Lorenza Böttner (Punta Arenas, Chile, 1959 – Munich, Germany, 1994) was an artist who painted with her feet and mouth and used photography, drawing, dance, installation and performance as a means of aesthetic expression, challenging the processes of "de-subjectification" and de-sexualisation, internment and invisibilisation to which transgender and functionally diverse bodies are exposed. Born Ernst Lorenz Böttner in 1959 to a German family living in Chile, at the age of eight he lost both arms in an accident. Considered disabled by the medical regime, he was interned with the "Contergan children" in Germany, where he had moved with his mother after the accident. In 1978 he enrolled at the Gesamthochschule (nowadays Kunsthochschule) in Kassel. There, he changed his name to Lorenza Böttner and developed an artistic practice based on drawing and painting, later expanding it to include the languages of dance, performance, photography and fashion design. In 1994 she died of HIV-related complications after 16 years of intense artistic production. A small selection of her works was shown in 2017 at documenta 14, in Kassel. In 2018 and 2019 the Virreina Centre de la Imatge in Barcelona and the Württembergischer Kunstverein in Stuttgart co-produced the artist's first solo exhibition, curated by Paul B. Preciado. Since January 2020, the exhibition has been on display at the Art Museum of the University of Toronto.
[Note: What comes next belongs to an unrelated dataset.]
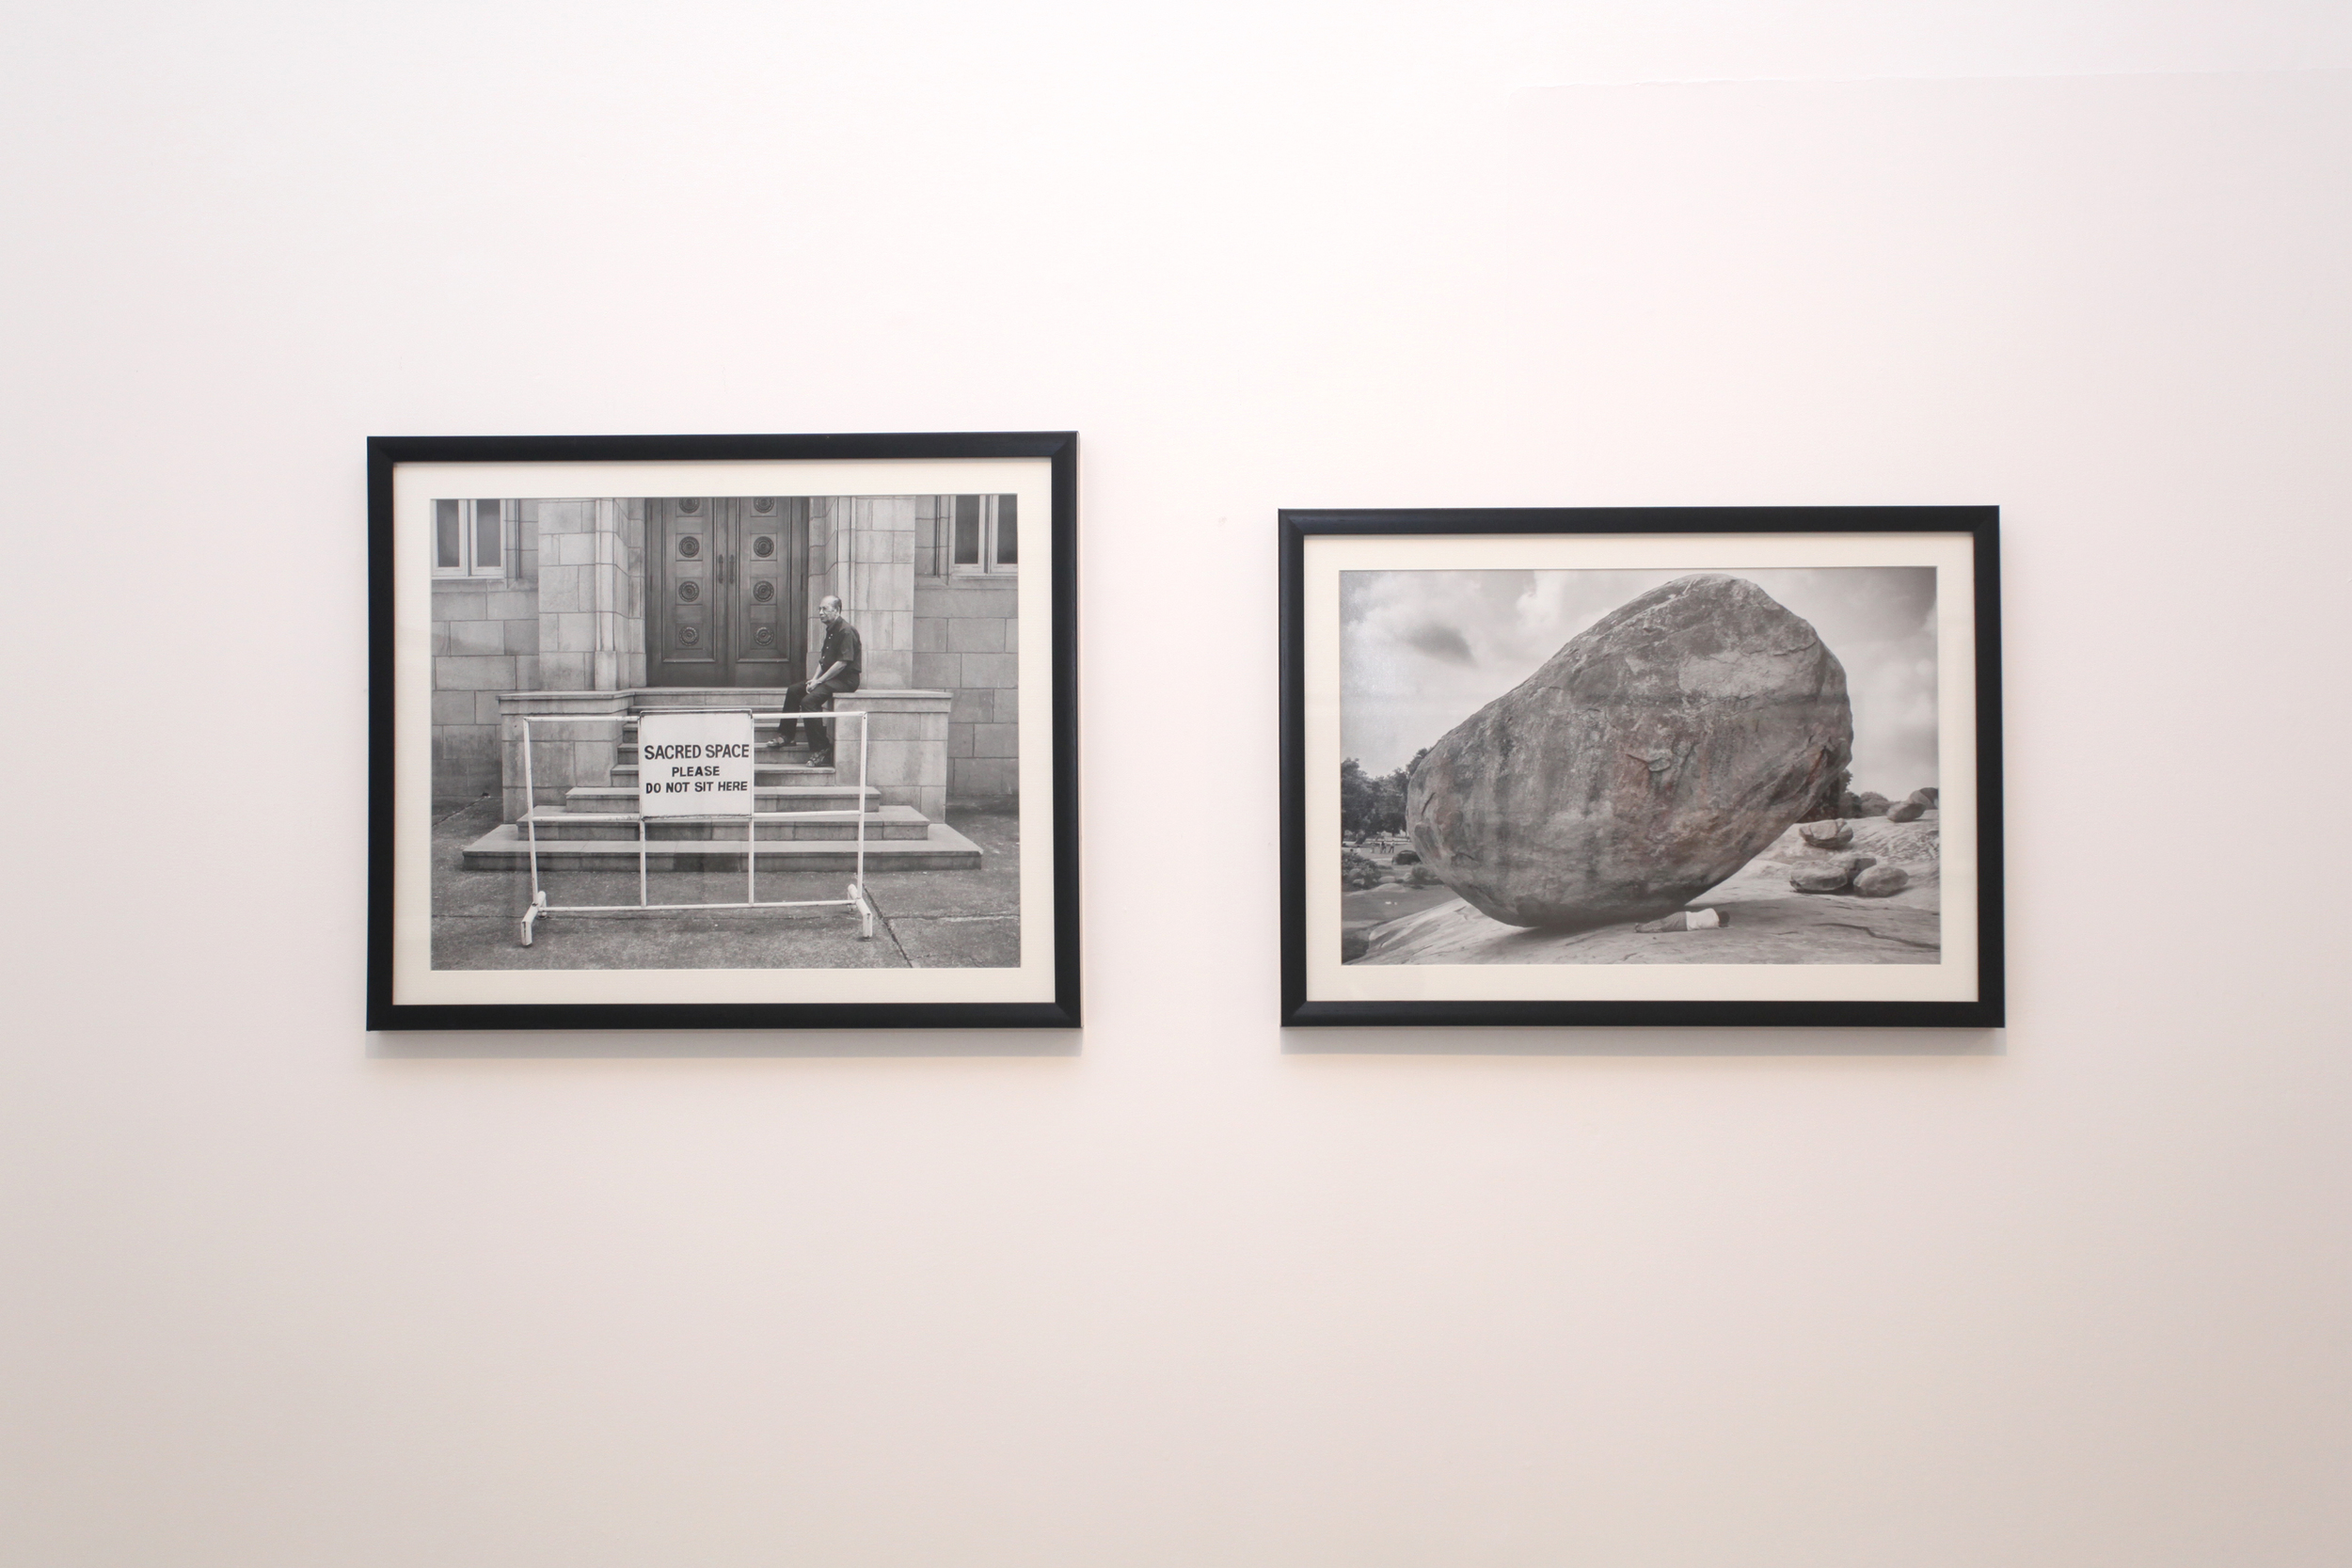 008-Naveen Munjal &  Craig Semetko .JPG
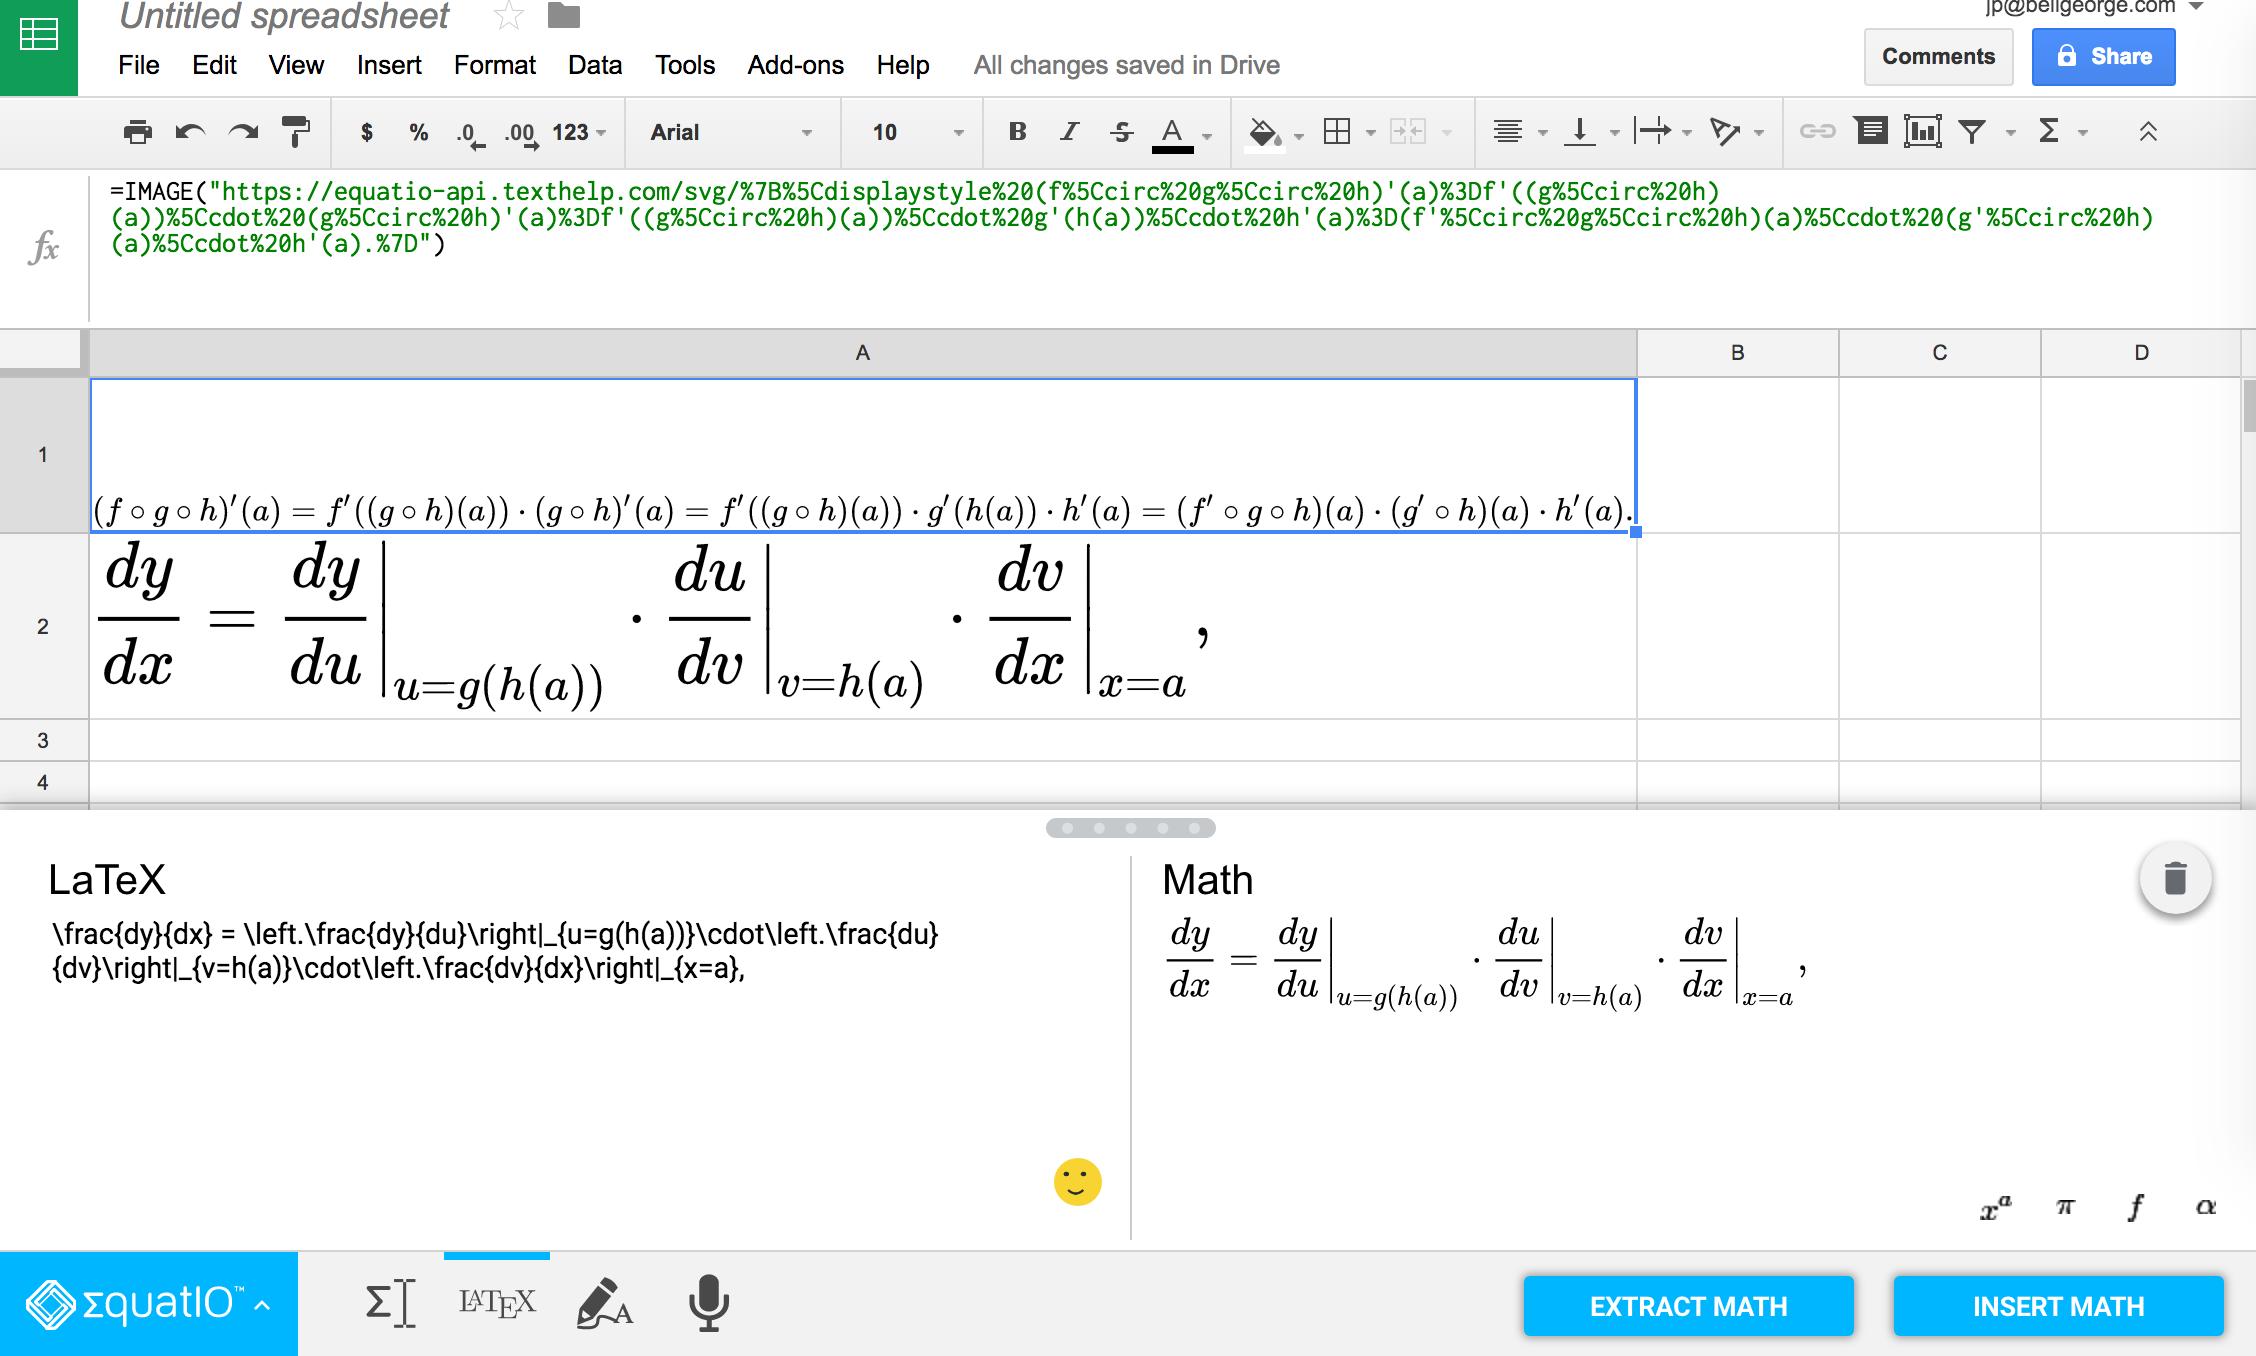 Rendering math equations? · Issue #897 · github/markup · GitHub

Viktor Neumann is an art historian and curator who lives between Berlin and Zurich. He has curated exhibitions and projects for institutions such as the Whitney Museum of American Art in New York, Bildmuseet Umeå, Kunstmuseum Bonn, National Centre for Contemporary Arts in Ekaterinburg, The Kitchen in New York, Künstlerhaus Stuttgart. He was Curatorial Assistant for documenta 14 Public Programmes (2017), Assistant Curator for the 3rd Moscow International Biennale for Young Art (2012) and a Helena Rubinstein Curatorial Fellow at the Whitney Museum of American Art Independent Study Program (2015-2016). Recently, he was co-curator of the Bergen Assembly 2019, directed by Hans D. Christ and Iris Dressler, and, together with Paul Preciado, co-curator of the transnational project Parliament of Bodies. Together with Fanny Hauser, he received a bursary from the Gebert Stiftung für Kultur for 2019/20 and is co-curator for a three-parted exhibition series at Württembergischer Kunstverein in Stuttgart. He is currently Guest Professor for Curatorial Studies at the Staatliche Hochschule für Gestaltung in Karlsruhe.